Working in the field, we split into teams of 8 enumerators plus one driver plus one investigator. If you have three investigators, you can have three teams of 8 people in three mini-vans, so you can train 24 people at one time. There is no point in having more androids than that, but you might want to train a couple of extra people in case someone drops out, gets fired, or who-knows-what.

First Things First

Start with the basics. Don't even bring in the Androids for the first couple days. You want to get down to business so that people know what they are in for, so you can skip the philosophy, history, and theory. Break out the survey on paper and read through it together, out loud, from beginning to end. Let everyone take a question and go around the room, that way, everyone is involved.

Explain how questions are asked. The Enumerator is impartial, he/she must ask the question without passing judgment. The enumerator must not make interpretation of the answer. Get a straight answer, record it. Really, this is a learned skill. Before you ever got this far, you had your survey translated into local language and did several passes of translation, back translation. Hey, we found out that the first pass was all in the familiar tense when it really needed to be in the formal tense. You need to catch that kind of thing before training, but when you go through the survey in the local language, you will have a large group of people who might have something to say about fine shades of meaning and they can use this opportunity to familiarize themselves with the survey and improve it at the same time.

Also, it makes them feel a sense of involvement and ownership. Sango is an unwritten language. It can be written, of course, but there is not formal written Sangho, there are no Rules. So, people struggle to read their native tongue because it is the first time they have seen it written. A survey about peace and reconciliation has some high fallooting ideas in it, and translating that into a language that doesn't have a word for "CD player" can be a challenge.

Do Androids Dream...

Until everyone has familiarity with the survey questions and with the methodology of sampling and interviewing, do not break out the Androids. You will just confuse and distract people with your stupid gear. It's not about the gear, it's about the data. You get good data by asking good questions, so first, get to that point.

Now, break out the Androids. It's exciting. You're like a 50 foot santa claus with an elastic sack. Here comes a moment of fear. You are handing out dozens of pocket gizmos that are worth as much as people make in a year. You want to make sure you get them back. See above, the paragraph about hiring carefully.

To make sure that people take possession with an understanding of the gravity of losing these devices, we make everyone sign their Androids out at the beginning of every day and back in at the end. No one goes home with an Android. Use fingernail polish to number the chassis of every phone and assign the same phone to the same person everyday.

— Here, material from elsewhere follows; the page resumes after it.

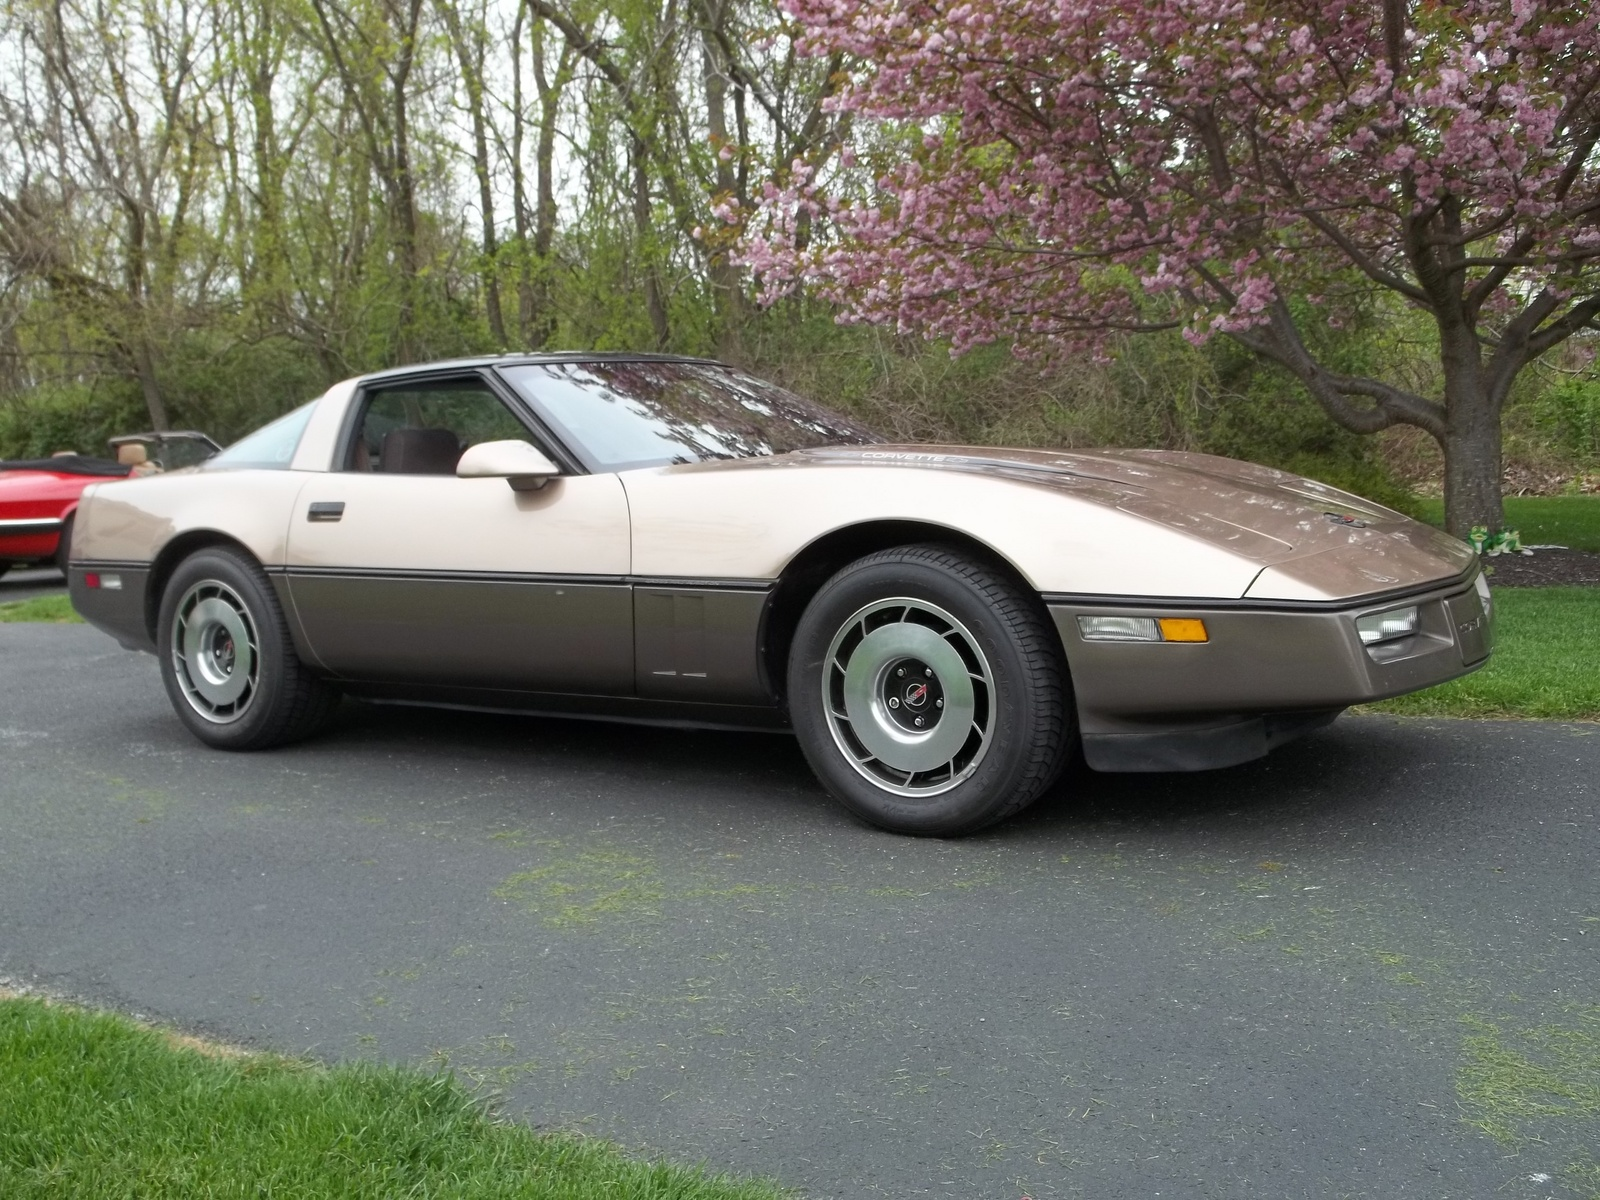 1984 1996 chevrolet corvette c4 dark cars wallpapers. Black Bedroom Furniture Sets. Home Design Ideas

We lecture them on how important it is to never leave it lying around, never put it on the desk and walk away, even during training. Someone always forgets the first day and you will see a phone sitting on the desk, unguarded. Pocket their android and wait for the theft to be discovered. Then give them a mild and amusing tongue lashing in front of the whole class. It's embarrassing for the enumerator, but you are saving someone the future embarrassment of losing one, because everyone will take it more seriously. You are saving yourself the embarrassment of explaining to your funders why you need to buy more Androids mid-survey. Give them soft slipcovers with neck straps so they can wear them under their shirts in the field.

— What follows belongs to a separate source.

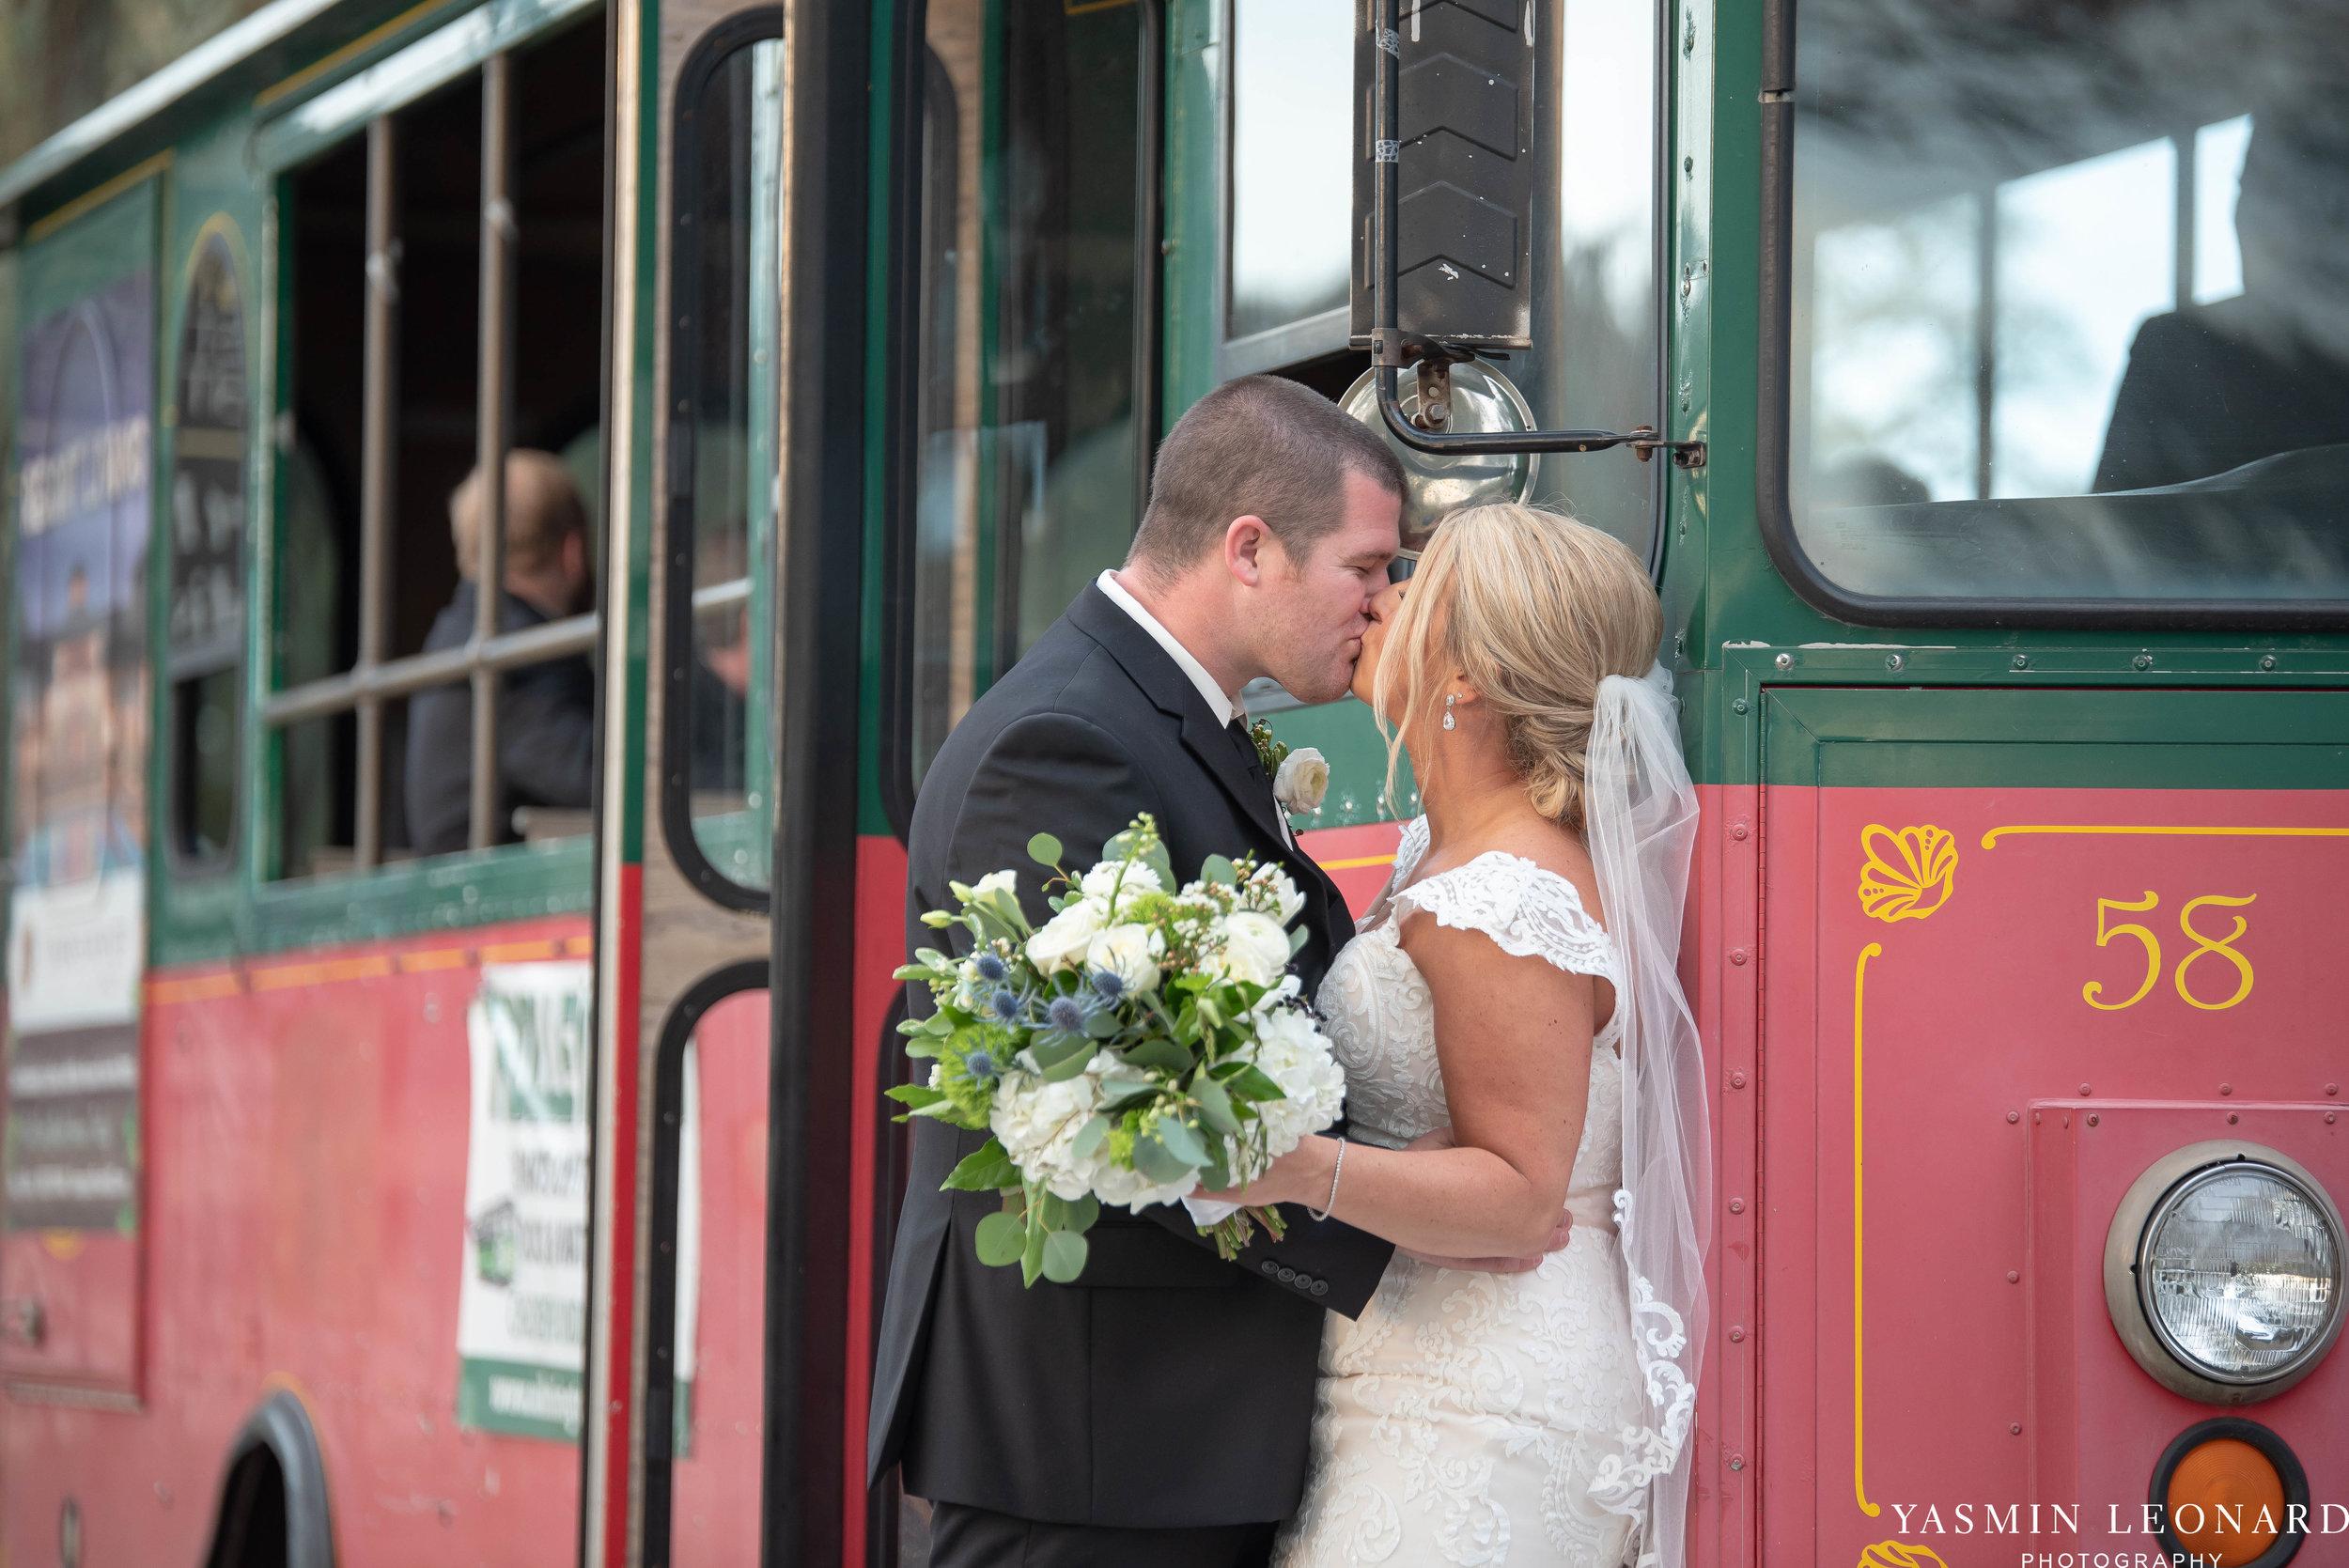 Carolina Beach Wedding - Fort Fisher Wedding - NC Acquarium - Beach Wedding - NC Wedding - Beach Wedding Inspiration - Beach Bride-39.jpg

Giant Androids Crush Africa

Actual training on the use of the Android with ODK for data collection is pretty straightforward.

First, familiarize them with the hardware. Teach them to use the Android by going through all the hardware buttons and basic functions. Nothing is too simple to be explained, give people confidence so that when it comes time to take data it will be second nature. You will be well served to have a projector. Run the Eclipse Android Emulator so that you can show them how it's done. Have one person running the laptop and another presenting. The presenter can interact with the projection like it's a real Android, clicking on buttons and swiping the screen and the second person can run the emulator to create the illusion of a giant working Android.

Your enumerators should follow along with you and do a series of exercises so that they know what every button does and does not do and how to start and stop software and how to recover from errors. You want things to go wrong in training so that you can fix them. Treasure the challenge, your enumerators will screw things up in ways you could never think of, and it gives you the chance to train them to deal with it. It never occurred to me to worry about what to do when someone drops the phone and the battery flops out, crashing the whole survey. Even if the solution is to start all over because you lost your data, as long as you train people in this way, you have overcome the issue.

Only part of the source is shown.